Interactive Investor

Top 10 most-popular investment trusts: February 2022

1st March 2022 13:52

Kyle Caldwell from interactive investor

There’s a new entry to our top 10 table - JPMorgan Russian Securities.

There was a new addition to our top 10 most-popular investment trust table in February and one that goes down as being an opportunistic trade: JPMorgan Russian Securities (LSE:JRS).

The Russian-focused portfolio entered the table in seventh place, having sold off heavily following Russia’s major military assault on Ukraine. Ahead of today’s market open, the trust’s share price had slumped 38% since the market open on 24 February – the day of Russia’s invasion.

The trust had nearly half its assets in three companies at the end January. Its top holding, Gazprom (LSE:OGZD), accounted for 20.5%. Its second and third biggest weightings, both at 13.1%, are PJSC Lukoil (LSE:LKOD) and Sberbank of Russia (LSE:SBER). At the end of January, it had £314 million in assets.

At the end of last week, JPMorgan Russian Securities released a statement that said it is “working to interpret the impact of the new sanctions on the company and its portfolio. Further announcements will be made if required.”

It added: The company's manager continues to monitor the situation in the region closely. The company remains invested and continues to operate within its stated objective and investment policies. The board is being kept fully abreast of developments.”

Following Russia’s invasion there is likely to be greater interest in its annual general meeting (AGM), which is scheduled for Friday 4 March.

Beyond JPMorgan Russian Securities, there are 20 other investment trusts that have exposure to Russia. The data, which was published by investment trust analyst Winterflood, shows that 12 trusts have a weighting that is less than 1.5%. 

Two open-ended funds have so far put suspensions in place, and others are likely to follow suit. Investment trusts do not suffer the same problem.

Eight of the remaining nine trusts in our top 10 table saw their positions change. The exception was Scottish Mortgage (LSE:SMT), which once again claimed the top spot.

The trust, which is down 21.8% since the start of 2022, backs disruptive companies that have a technological edge over competitors. It has a sizeable position, just under 20% of its assets, in unlisted companies and many are at an early stage of development. Therefore, when there’s a heavy sell-off in tech companies, which has been playing out of late, Scottish Mortgage is negatively impacted.

The biggest mover was Polar Capital Technology (LSE:PCT), climbing from 10th to second place. The trust, managed by Ben Rogoff, invests in multi-decade technology themes.

In a recent update to investors, Rogoff explained why he is upbeat about the long-term prospects for technology shares. He said: “What continues to underpin our confidence are technology fundamentals and secular drivers that appear firmly intact. The fourth-quarter earnings season is under way, and based on results so far, five of our eight core themes are looking robust.
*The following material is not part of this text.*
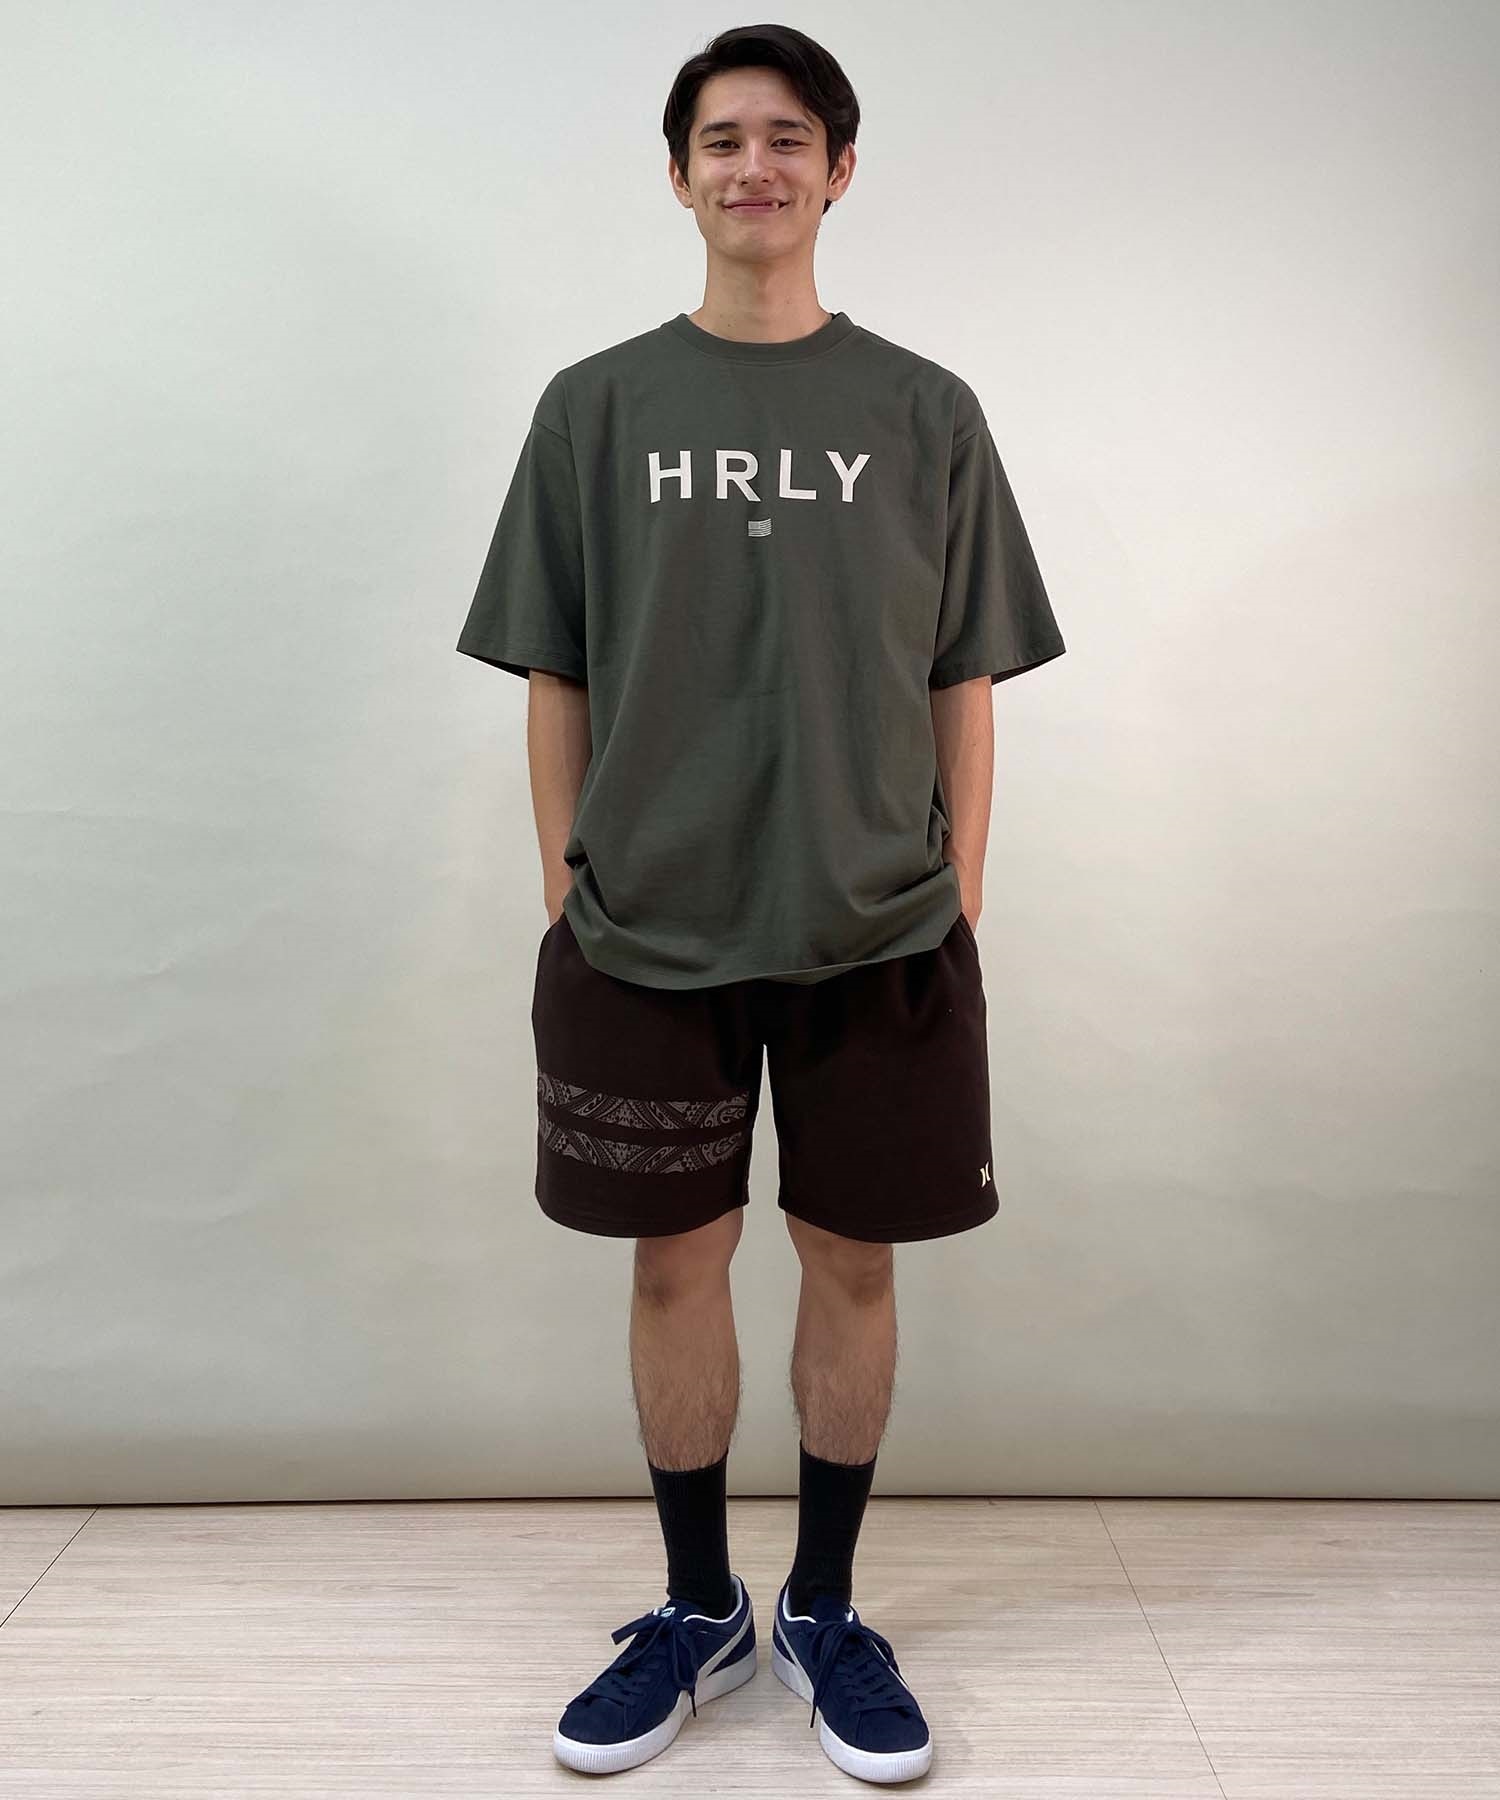 【マトメガイ対象】Hurley ハーレー OVERSIZED HURLEY SHORT SLEEVE TEE メンズ 半袖 Tシャツ MSS2411020(OLV-S)
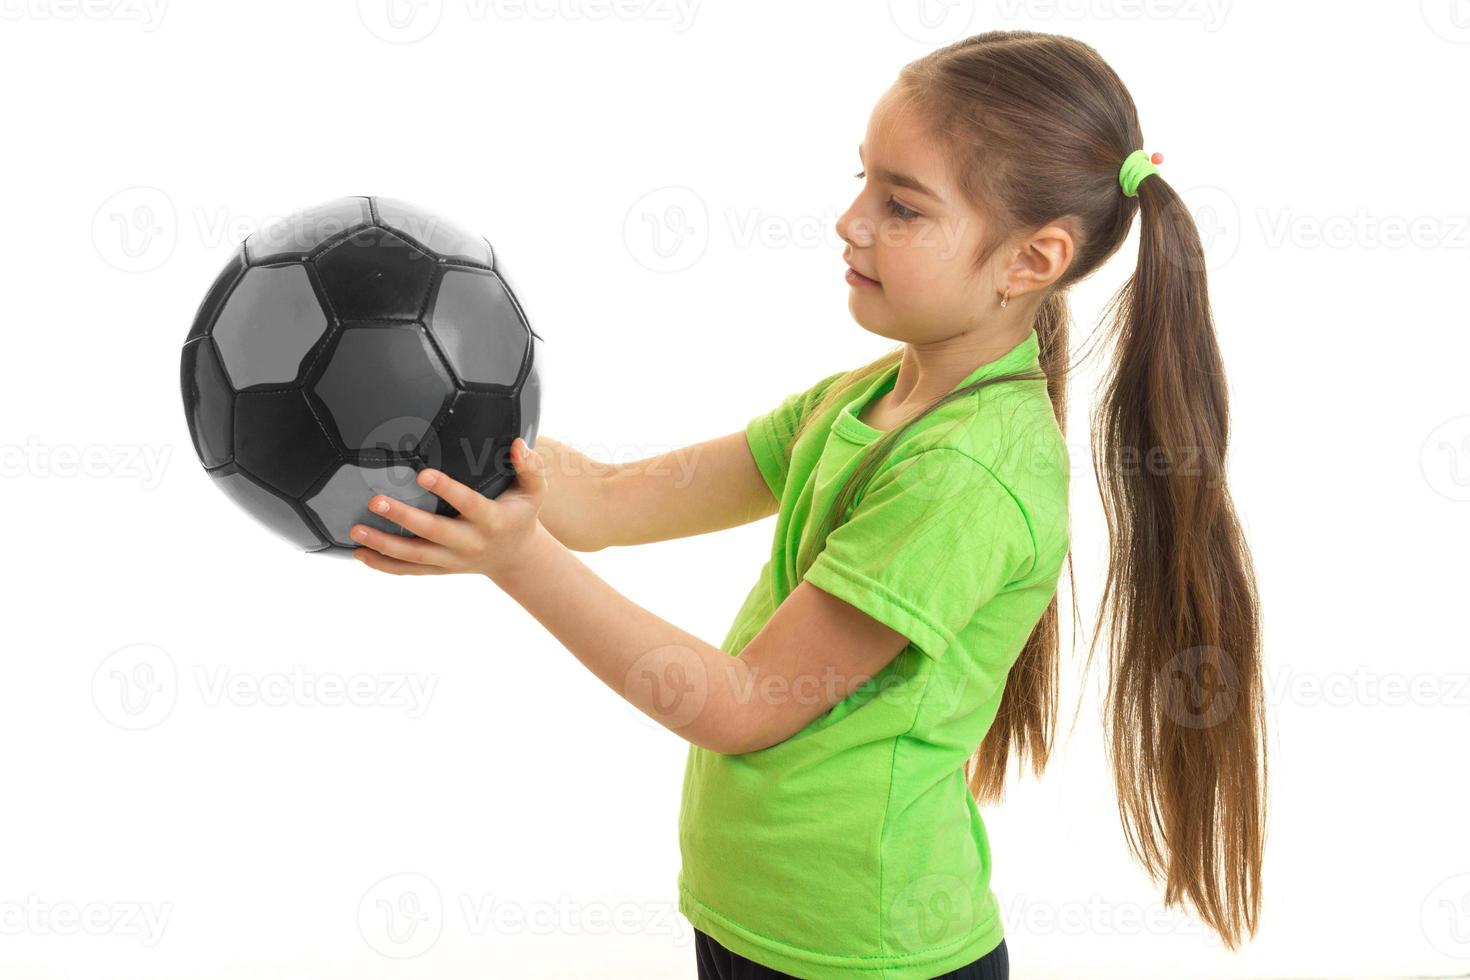 weinig jong meisje met voetbal bal foto

“That said, the three themes which experienced the most significant 2020 benefit (e-commerce, payments and digital entertainment-related stocks, including Netflix (NASDAQ:NFLX)) are still suffering uncertainty over what normal growth rates will be for 2022.”

Its tech rival Allianz Technology Trust (LSE:ATT) slipped two places, from fourth to sixth. Allianz Technology, managed by Walter Price, has a bias towards mid-cap companies. It invests in companies that use technology in an innovative way to gain a competitive advantage. 

Both trusts have directly been impacted by the sell-off in tech over the past couple of months, with the market rotating towards value shares. Allianz Technology’s share price is down 24.7% over three months, while Polar Capital Technology has fallen by 16.8%. At the start of this week both were trading on sizeable discounts of around 9%.

In-between the two tech trusts in third position was City of London (LSE:CTY). The trust, which invests in UK dividend-paying shares, last month reported its half-yearly results to 31 December 2021. Over this period, it outperformed the FTSE All-Share index in terms of its net asset value (NAV) return. Its NAV was up 6.9% over the six-month period versus 6.5% for the FTSE All-Share. Its NAV performance was also ahead of the average rival, as the Association of Investment Companies' (AIC) UK Equity Income sector returned 6%.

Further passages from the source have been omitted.